Closed tsaojack1234 closed 3 months ago
A few suggestions to get started:
1) The samplesheet says the VCF only contains chromosome 1, but it contains multiple chromosomes. If your target genomes contain multiple chromosomes the chrom column should be empty.
2) Your VCF has low variant density and not many samples. The calculator works best with imputed cohort data.
3) Try nextflow run pgscatalog/pgsc_calc -r main -latest ...
to use the main branch
Hello, thank you for your answer I followed your suggestions and did the following steps: 1. Retain chr1 sites. 2. Put it into Michigan Imputation Server and obtain "chr1.dose.vcf.gz". 3. Use plink2 to change "chr1.dose.vcf.gz" into "chr1.dose_axy.pgen", "chr1.dose_axy.psam", and "chr1.dose_axy.pvar".
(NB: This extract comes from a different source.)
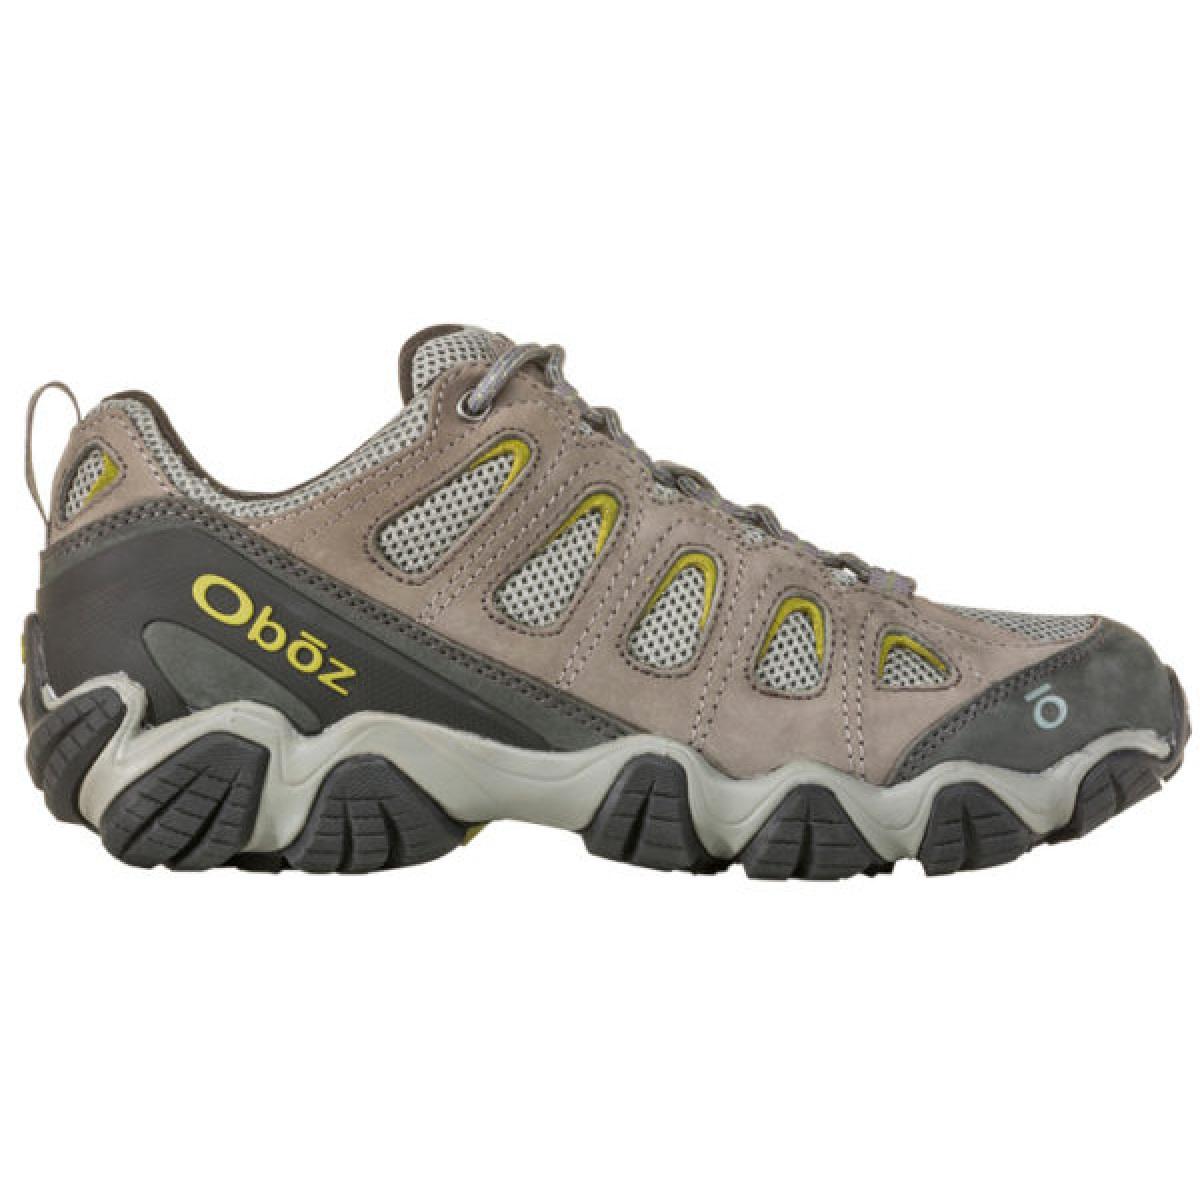 Oboz Oboz Men's Sawtooth II Low Pewter

plink2 --vcf chr1.dose.vcf.gz \
--allow-extra-chr \
--chr 1 \
-make-pgen \
--out chr1.dose_axy
4. Finally put it into the main program.
nextflow run pgscatalog/pgsc_calc \
-r main -latest \
-profile conda \
--input chr1.dose.csv \
--scorefile PGS000137_hmPOS_GRCh38.txt \
--pgs_id PGS000137 \
--target_build GRCh38
This is the context of chr1.dose.csv: sampleset,path_prefix,chrom,format cineca,chr1.dose_axy,1,pfile
But I got the error message, like this:
File "/home/yuliangtsao/ext_hdd2/prs/work/conda/pgscatalog-utils-cc52ffcd2b21fb989b3730executor > local (3)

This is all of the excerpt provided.